Geddes-Smith explains that the risk profile starts with getting experienced vendors to take these samples and ensuring that the samples are transported and stored correctly is important. From there, good integration between the reservoir engineers, the flow assurance specialists and the field development team is needed to ensure that the risks are understood, and the design managed accordingly. A clear understanding of the operating envelope and any uncertainties that can affect this envelope and the subsequent asset operability need to be well understood and accepted.

“Xodus has historically used an integrated approach to design,” Geddes-Smith said. “Access to reservoir expertise and production chemists as well as flow assurance and field development specialists allows us to build a holistic picture of the asset design and operability during the design stage and qualify the risks to the delivery of a project to meet the required metrics.”

Identifying The Source

Prevention is always better than cure. Routine pigging can help to keep the pipeline clear of deposit or doping with an inhibitor chemical, both methods add cost and in the case of pigging, the added risk of getting the pig stuck and blocking the pipeline.

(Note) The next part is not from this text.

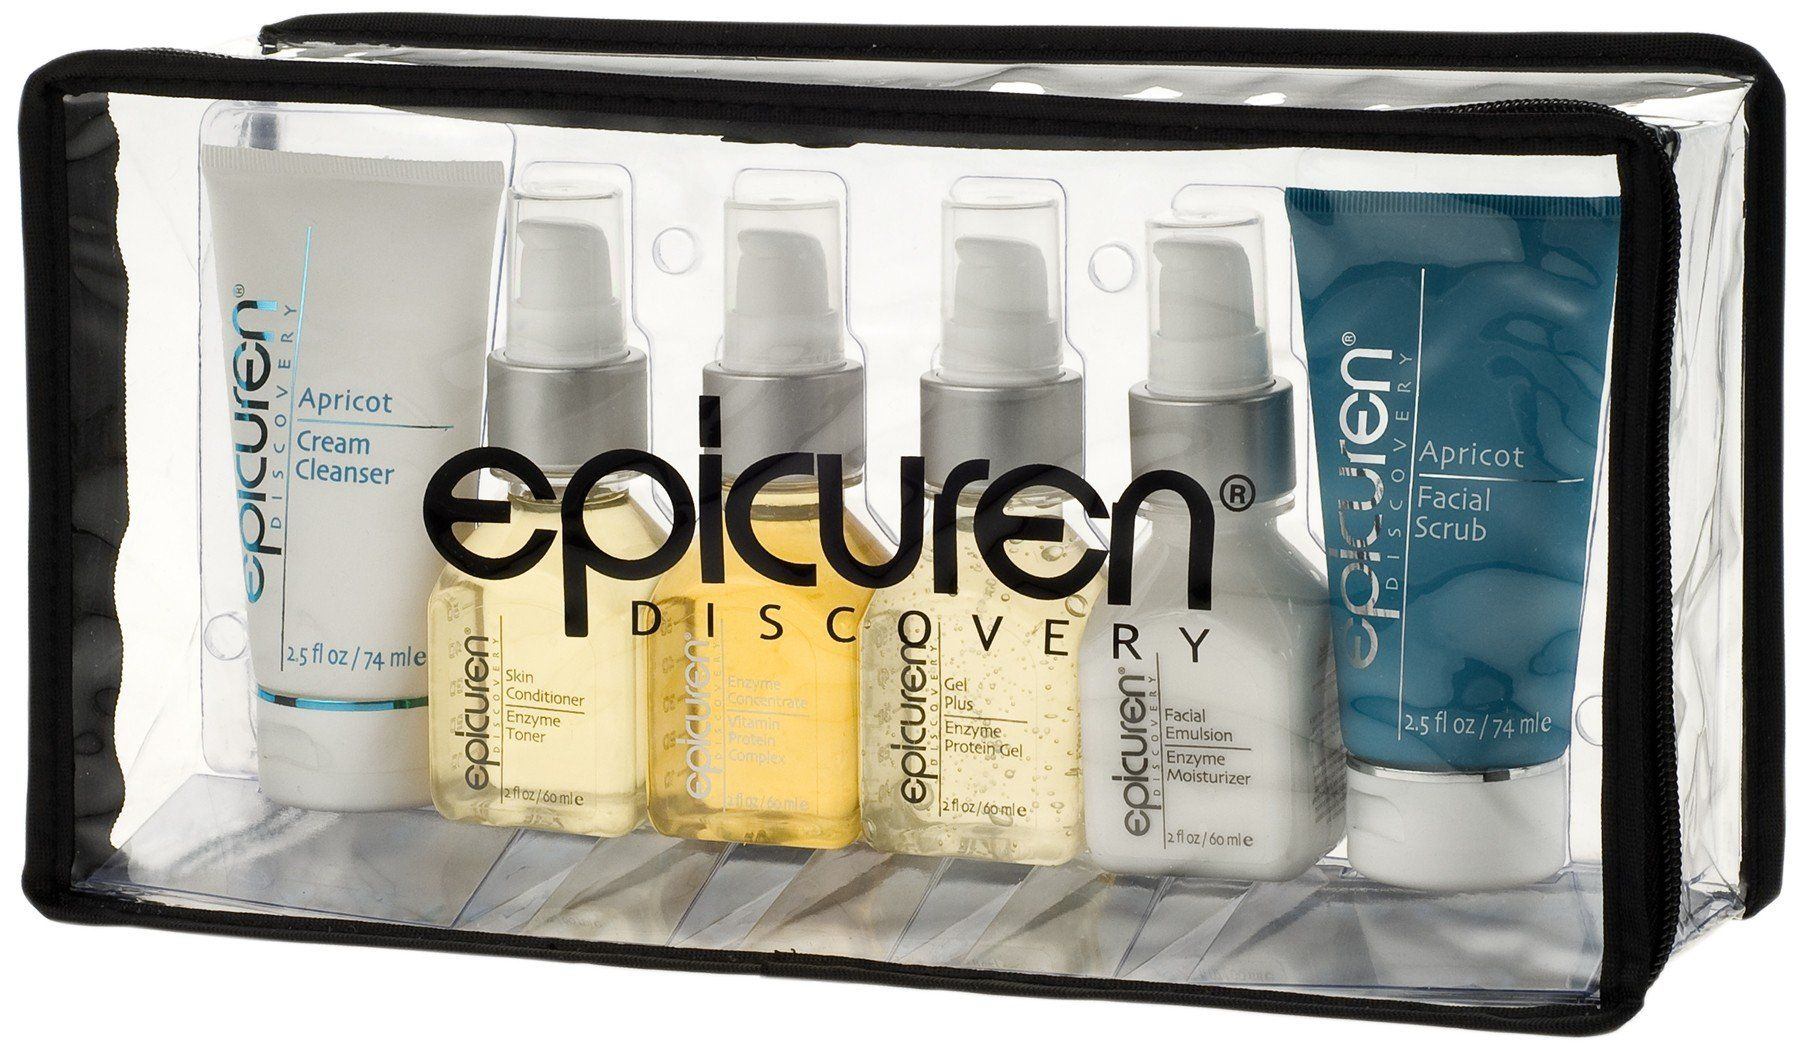 Epicuren discovery facial cleanser

“If the worst does happen, then the operator is faced with the challenge of remediation,” said Mike Banks, business development manager-subsea applications at Tracero. “This can include gel pigs, the use of chemicals, heating, coiled tubing, water jetting, progressive pigging campaigns and so on. Depending on where the restriction is, the operator may need to hot tap the pipeline to provide access for the remediation approach.”

These remediation attempts are not always successful, in fact approximately 50% to 80% of remediation attempts fail first time mainly due to the lack of complete understanding of the nature or location of the restriction. “In order to successfully remediate a pipeline blockage, you need to know where it is and what it is,” Banks said.

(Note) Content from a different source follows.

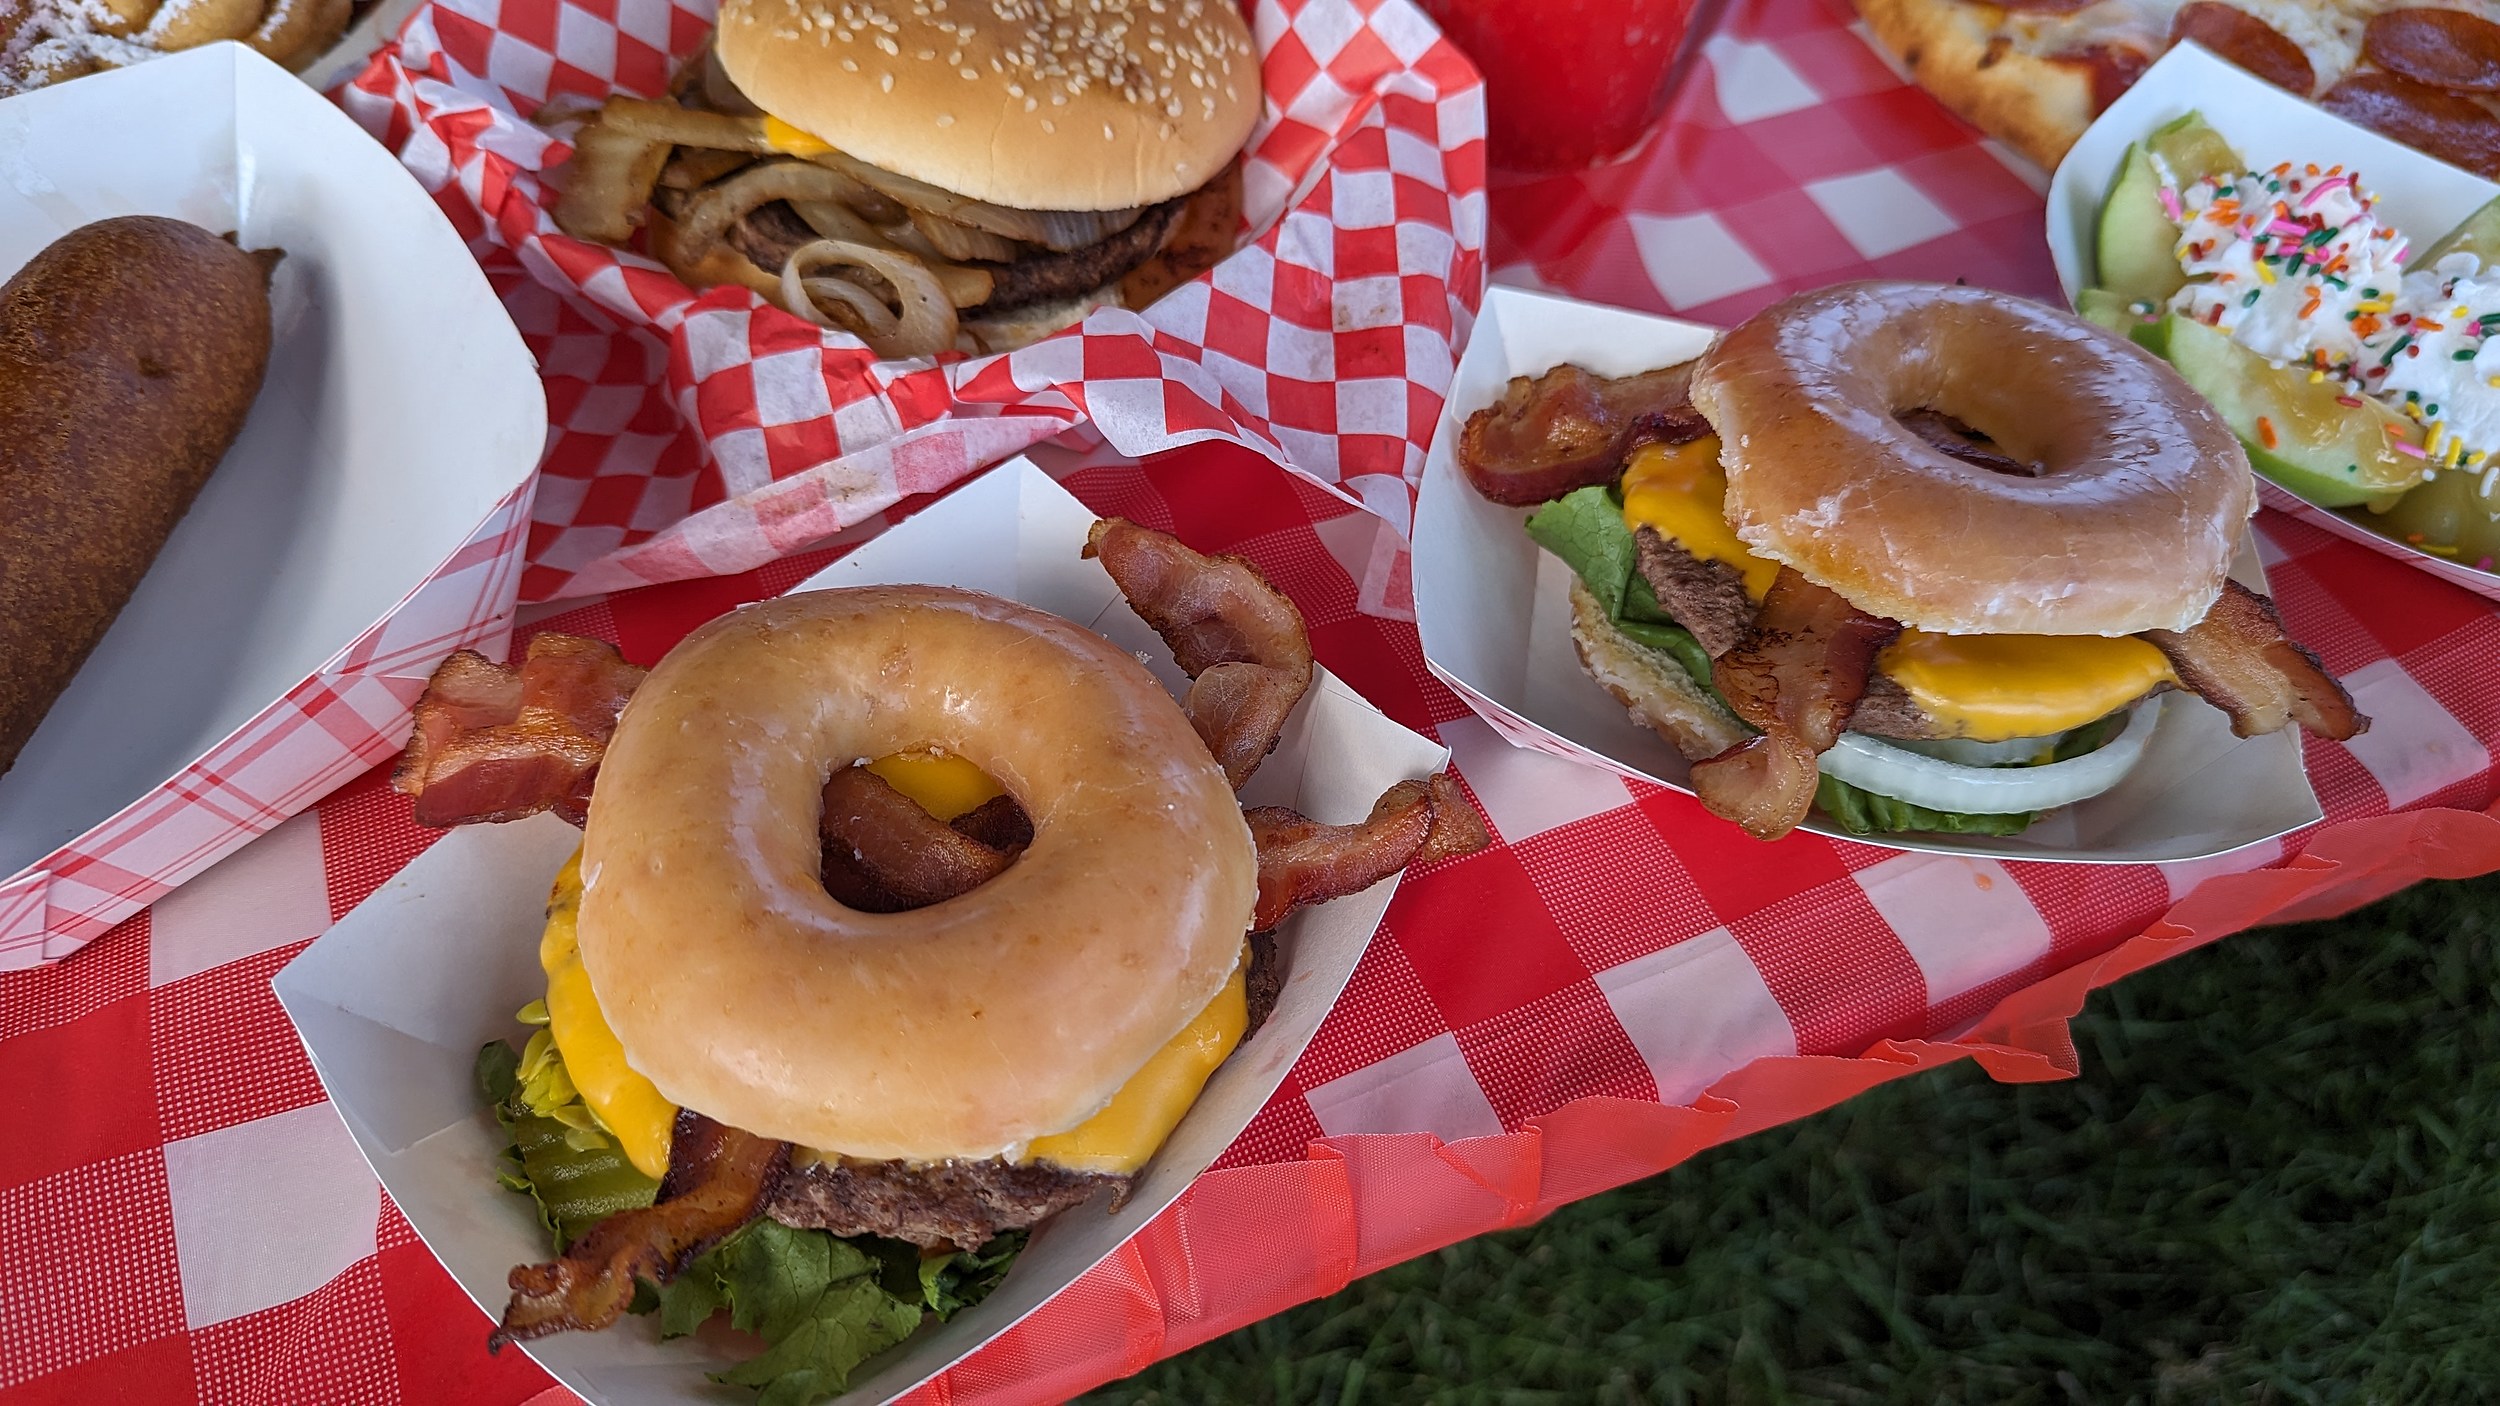 Krispy Kreme Burger, Pickle Pizza Among New Foods at This Years Central Washington State Fair photo

Two technologies from Tracero are helping to improve the understanding of exactly where the blockages are. Explorer is a fast screening tool to accurately locate areas of deposit. It does this by measuring the mean density of the pipeline contents as it scans along the pipeline. If there is a density difference between the process fluid and deposit material, then it can be located using Explorer.

Discovery is a subsea CT scanner, similar in principle to a medical CT scanner, and can provide a density map, in effect a picture of the pipeline and its contents. In addition to information about the integrity of the pipeline itself, it will show the extent and shape of the deposit within the pipeline. Accurate density measurements can be made which can help to identify the deposit material and give you the information you need to select the most appropriate remediation approach.

discovery2-tracero
Discovery is a subsea CT scanner, similar in principle to a medical CT scanner. (Source: Tracero)

In a recent application, a pipeline that was completely blocked. “Explorer was used to screen six kilometres of pipeline and quickly identified three areas of high density, thereby locating three areas of potential blockage,” Banks continues. “Discovery was then deployed at these locations to characterise the restrictions. The deposit material was identified as ashphaltene and in some locations this contained gas pockets, in others it was a level of asphaltene deposit with a gas void above and in the worst case, a complete full-bore blockage.”

Discovery was also used to measure the gas density before and after a step change in gas pressure to establish if there was gas communication through these areas of deposit.  

With these and other innovations to assure flow and maximize profitability many of the North Sea’s stranded assets with be economically viable to develop, further extending the life of many fields.